Hints: An option to ls
to display nongraphic (unprintable) characters will be needed. Many file names will need to be quoted to protect shell metacharacters. See the previous question for hints on finding all the file names.
If you succeed in the hard directory you will see this:
$ du -s . ; du -s foo ; find . | wc
176 .
4 foo
60 165 864
If you don’t get the right answer, you can start over by re-copying all or part of the blocks
directory from the Source Directory.
Run the Checking Program to verify your work so far.
That is all the tasks you need to do.
Check your work a final time using the Checking Program and save the output as described below. Submit your mark following the directions below.
Summary: Do some tasks, then run the checking program to verify your work as you go. You can run the checking program as often as you want. When you have the best mark, upload the marks file to Blackboard.
There is a Checking Program named assignment08check
in the Source Directory on the CLS. You can execute this program by typing its (long) pathname into the shell:
$ ~idallen/cst8207/13f/assignment08/assignment08check
Execute the above “check” program. This program will check your work, assign you a mark, and display the output on your screen. (You may want to paginate the long output so you can read all of it.)
You may run the “check” program as many times as you wish, to correct mistakes and get the best mark. Some task sections require you to finish the whole section before running the checking program at the end; you may not always be able to run the checking program successfully after every single task step.
When you are done with checking this assignment, and you like what you see on your screen, redirect the output of the Checking Program into the text file assignment08.txt
under your assignment08
directory on the CLS. Use the exact name assignment08.txt
in your assignment08
directory. Case (upper/lower case letters) matters. Be absolutely accurate, as if your marks depended on it. Do not edit the file. Make sure the file actually contains the output of the checking program!
Transfer the above assignment08.txt
file from the CLS to your local computer and verify that the file still contains all the output from the checking program. Do not edit this file! No empty files, please! Edited or damaged files will not be marked. You may want to refer to your File Transfer notes.
Submit the assignment08.txt
file under the correct Assignment area on Blackboard (with the exact name) before the due date. Upload the file via the assignment08 “Upload Assignment” facility in Blackboard: click on the underlined assignment08 link in Blackboard. Use “Attach File” and “Submit” to upload your plain text file.

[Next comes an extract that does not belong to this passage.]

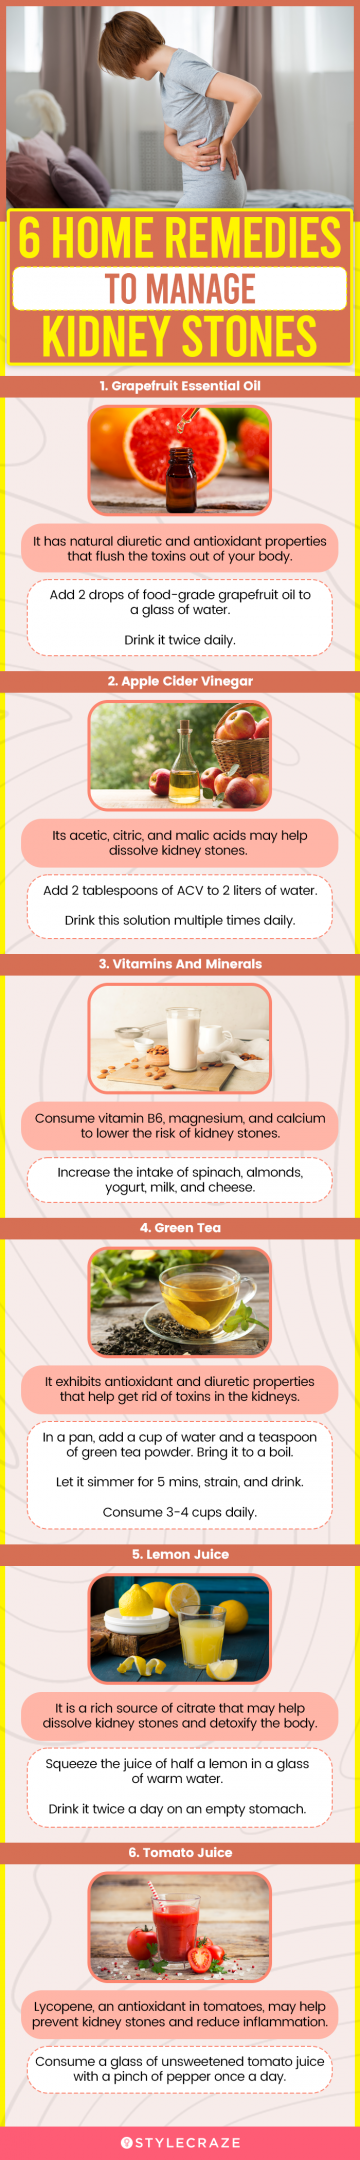 6 home remedies to manage kidney stones (infographic)
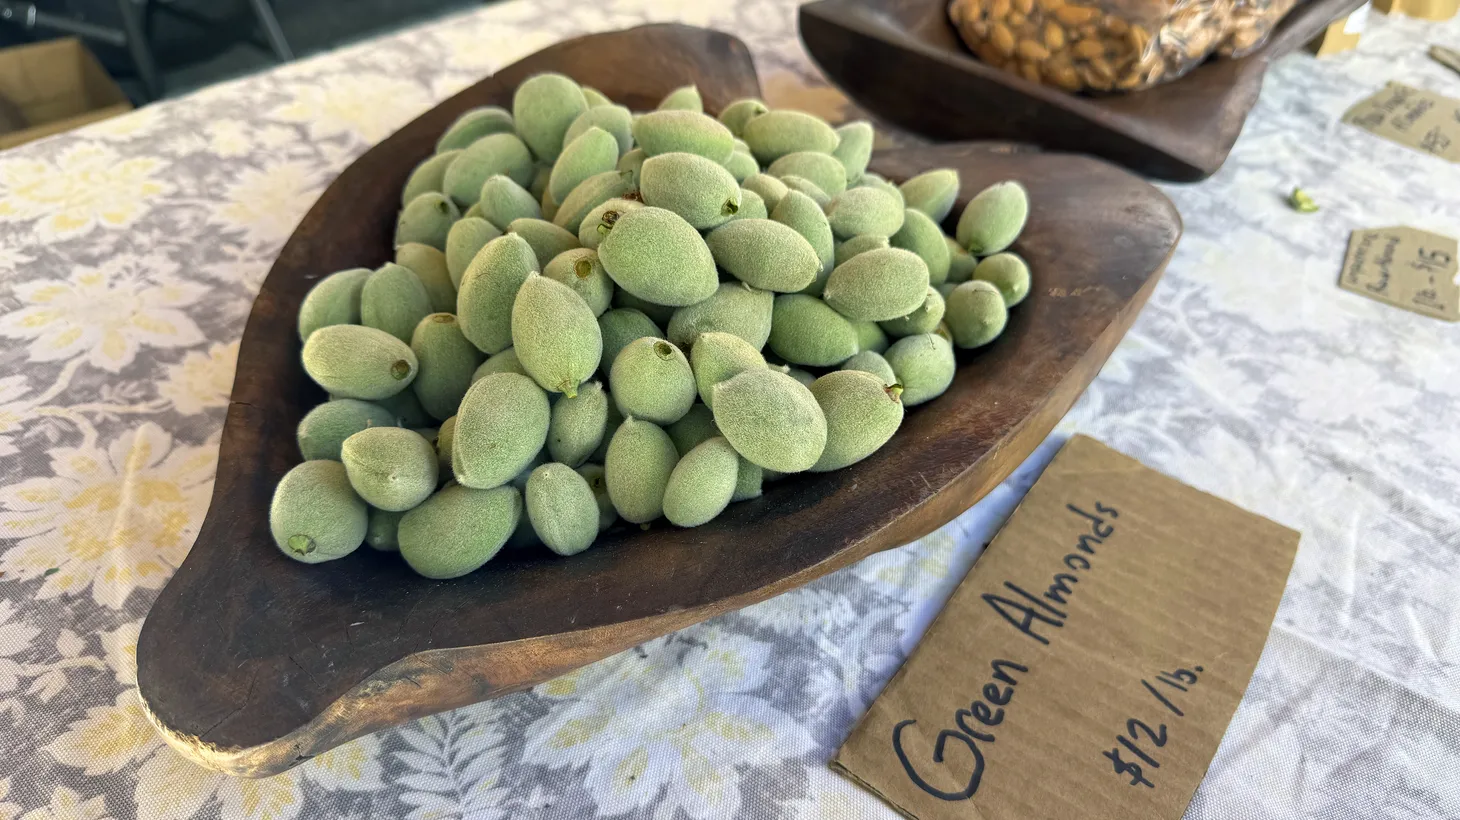 These green almonds with their fuzzy exteriors will only be at farmers markets for the next few weeks. Eventually, they'll grow into mature almonds.

No word-processor documents. Do not send email. Use only “Attach File”. Do not enter any text into the Submission or Comments boxes on Blackboard; I do not read them. Use only the “Attach File” section followed by the Submit button. (If you want to send me comments about your assignment, use email.)
Your instructor may also mark the assignment08
directory in your CLS account after the due date. Leave everything there on the CLS. Do not delete any assignment work from the CLS until after the term is over!
Use the exact file name given above. Upload only one single file of plain text, not HTML, not MSWord. No fonts, no word-processing. Plain text only.
Did I mention that the format is plain text (suitable for VIM/Nano/Pico/Gedit or Notepad)?
NO EMAIL, WORD PROCESSOR, PDF, RTF, or HTML DOCUMENTS ACCEPTED.
No marks are awarded for submitting under the wrong assignment number or for using the wrong file name. Use the exact name given above.
WARNING: Some inattentive students don’t read all these words. Don’t make that mistake! Be exact.
READ ALL THE WORDS. OH PLEASE, PLEASE, PLEASE READ ALL THE WORDS!